Unigine and H.A.W.X. Testing


Unigine Heaven v.20 Benchmark
Synthetic DirectX 11 Gaming 


Unigine Heaven

The Unigine Heaven Benchmark v2.0 is built around the Unigine game engine. Unigine is a cross-platform real-time 3D engine, with support for DirectX 9, DirectX 10, DirectX 11 and OpenGL. The Heaven benchmark, when run in DX11 mode, also makes comprehensive use of tessellation technology and advanced SSAO (screen-space ambient occlusion), and it also features volumetric cumulonimbus clouds generated by a physically accurate algorithm and a dynamic sky with light scattering.  In other, non-geek speak lingo, cutting-edge DX11 graphics are on display in this test.

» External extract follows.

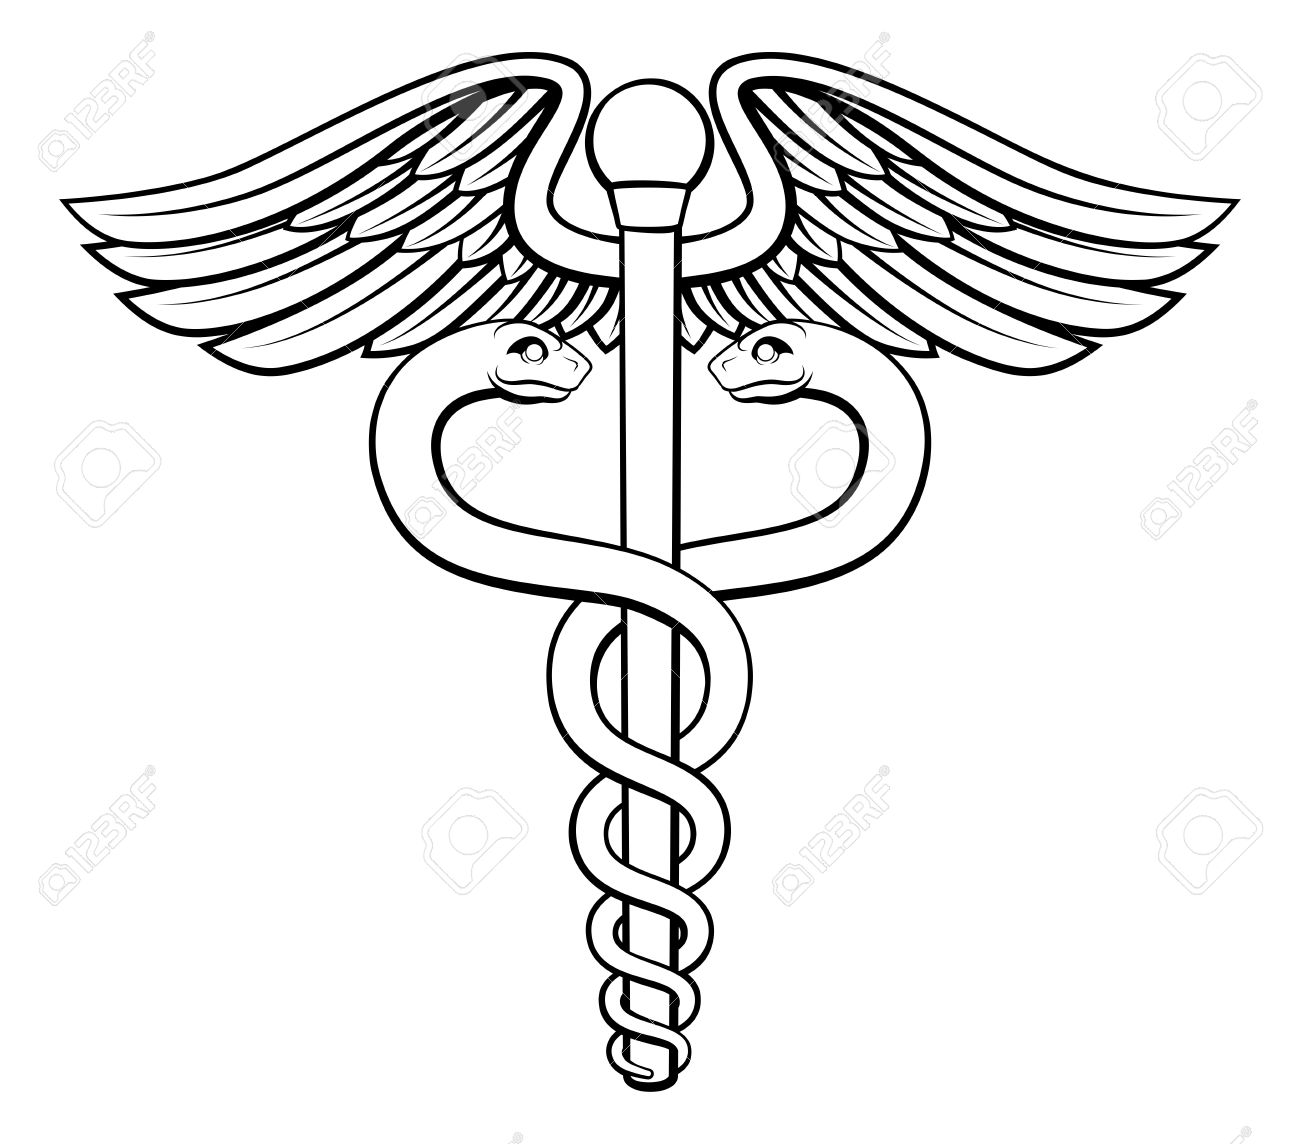 The best free Caduceus drawing images. Download from 79 free drawings ...

In this test, we've set the Unigine engine to employ a moderate level of tessellation effects when rendering its scenes.  Tessellation functions are a strong suite for NVIDIA's Fermi architecture and in general NVIDIA's tessellation engine in GeForce GTX 400 series GPUs is significantly stronger than that of AMD's Radeon HD 5000 series.  Though this test only employs a moderate level of tessellation, the GeForce GTX 480M offered ~ 25 - 30% higher frame rates versus the AMD's fastest mobile GPU currently.

Tom Clancy's H.A.W.X
DX10.1 Flight Simulator Benchmark


H.A.W.X.

Tom Clancy's H.A.W.X. is an aerial warfare video game that takes place during the time of Tom Clancy's Ghost Recon Advanced Warfighter.  Players have the opportunity to take the throttle of over 50 famous aircrafts in both solo and 4-player co-op missions, and take them over real world locations and cities in photo-realistic environments created with the best commercial satellite data.




H.A.W.X. is more of a straight-up DirectX 10 title and AMD specifically spent time tuning it for its DX10.1 rendering path as a showcase for their early lead in the technology. As a result, this specific benchmark shows a much tighter spread with only a minor, frankly negligible edge afforded to the new GeForce GTX 480M.